What advice would he give his younger, pre-college self? “I would tell myself to take a break every once in a while and have some fun,” he said. “And not to feel guilty about leaving your family to get an education – they’re always going to be there rooting for you.”
Reflecting on what it means to be first-gen, Molina said, “For me, being a first-gen student has been entirely about opportunity. Oftentimes being a first-gen student is cast in a negative light, as if we are missing something because we are the first to go to college. Instead, I think that first-gen students have so much to offer, from our resourcefulness and tenacity coming from having to do so much on our own to the fresh and different ways that we look at societal issues. Being first-gen isn’t a burden, it’s a strength!”
Hanna Yakubi (left) a third-year pharmacy student gets a kiss from her mom, Narwan Yakubi as the two prepare dinner at the family’s home in Fremont, Calif. Photo by Susan Merrell
Hanna Yakubi (right) talks with her mentor, Kevin Rodondi, PharmD, professor of clinical pharmacy. Rodondi was also the first in his family to attend college. Photo by Susan Merrell
Hanna Yakubi (right) visits with classmate Brian Gac at the UCSF School of Dentistry annual Registered Campus Organizations (RCO) fair. Photo by Susan Merrell
Born and raised in Fremont, Calif., Hanna Yakubi is the daughter of Afghan refugees who fled the Soviet War in the late ’80s to seek a safer life in the Bay Area. Her going to college was especially meaningful for her mom, who never got the chance because the family could not afford to send her to school along with her brothers. “So she was able to kind of live it through me and seeing me graduate college was really a source of pride for her. She’s happy to have her daughter have the opportunity,” said Yakubi. “That was the one time I’ve ever seen my mom cry.”

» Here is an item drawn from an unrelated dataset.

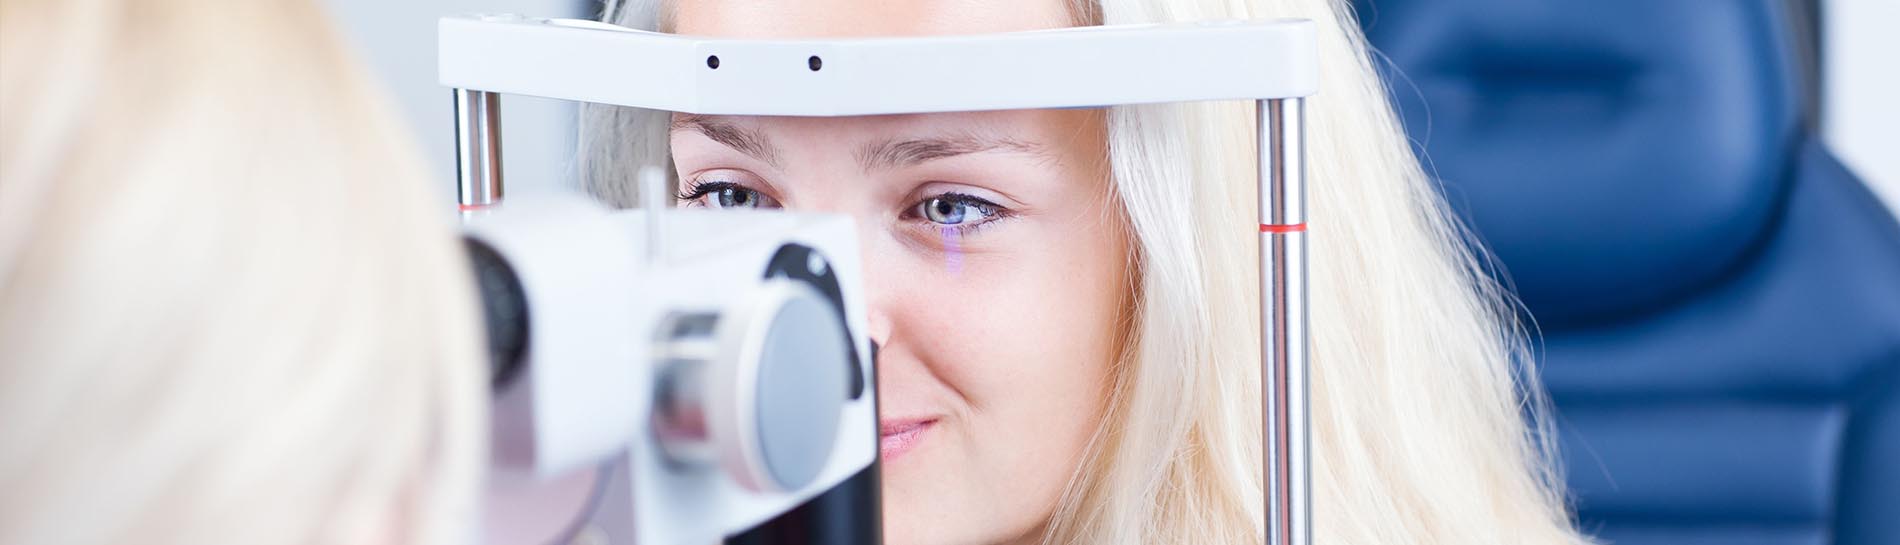 műtét nélküli látásjavulás esetei
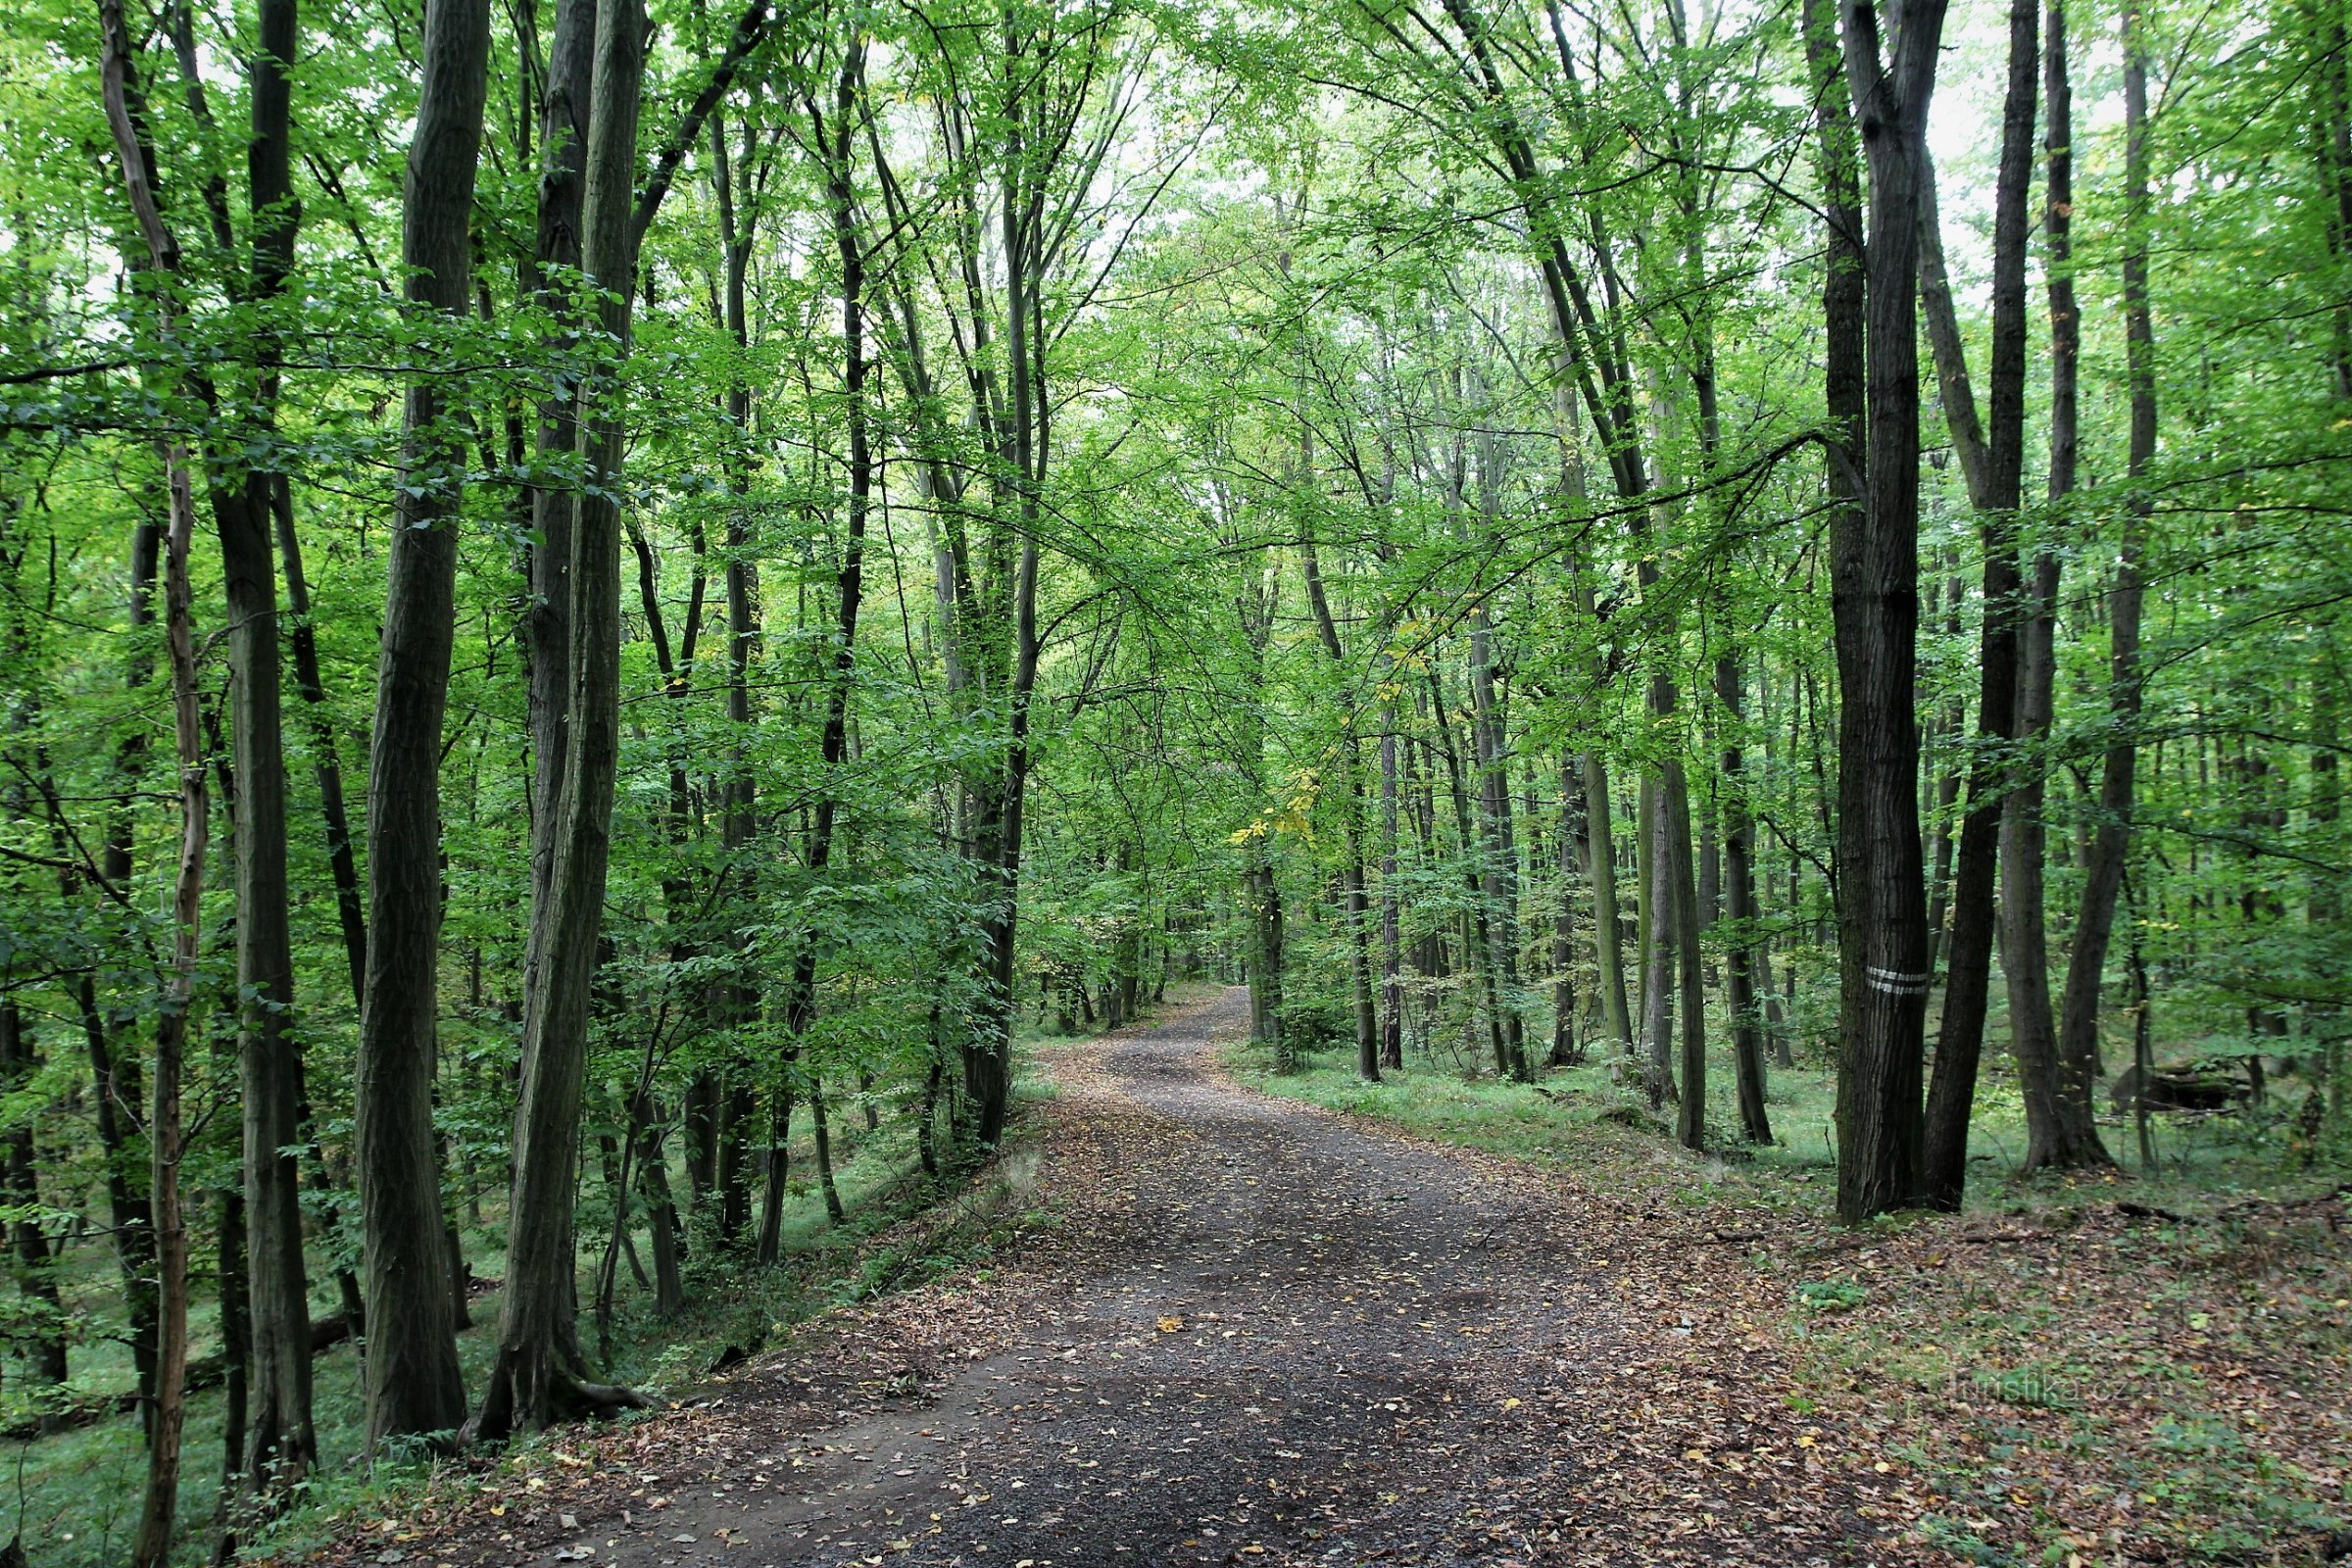 În vecinătatea parcului forestier Holedná, există în mare parte păduri de foioase de stejar-carpen

So I learned how to make the most of the people around me and how to know when to ask for help and seek help when I needed it.
Yet her close-knit family also had a hard time having Yakubi far from home when she went away to college at UC Irvine. She transferred to UC Davis for the last two years in order to be closer to home. When she got into UCSF for pharmacy school, her parents were also hesitant. “It was tough to convince my family to let me go. But once they understood why I wanted it, they were all for it. So it was more of like that emotional boundary I had to get over to get here,” she said.
Without family members who had walked the path before her, Yakubi had to find mentorship from other places. “So I learned how to make the most of the people around me and how to know when to ask for help and seek help when I needed it,” she said. Being the trailblazer in her family means she can be that support for her younger sister, who is a rising sophomore in college. “Every mistake that I make, or every rough patch I hit, is one less rough patch for her, because there will be someone there to guide her,” she said.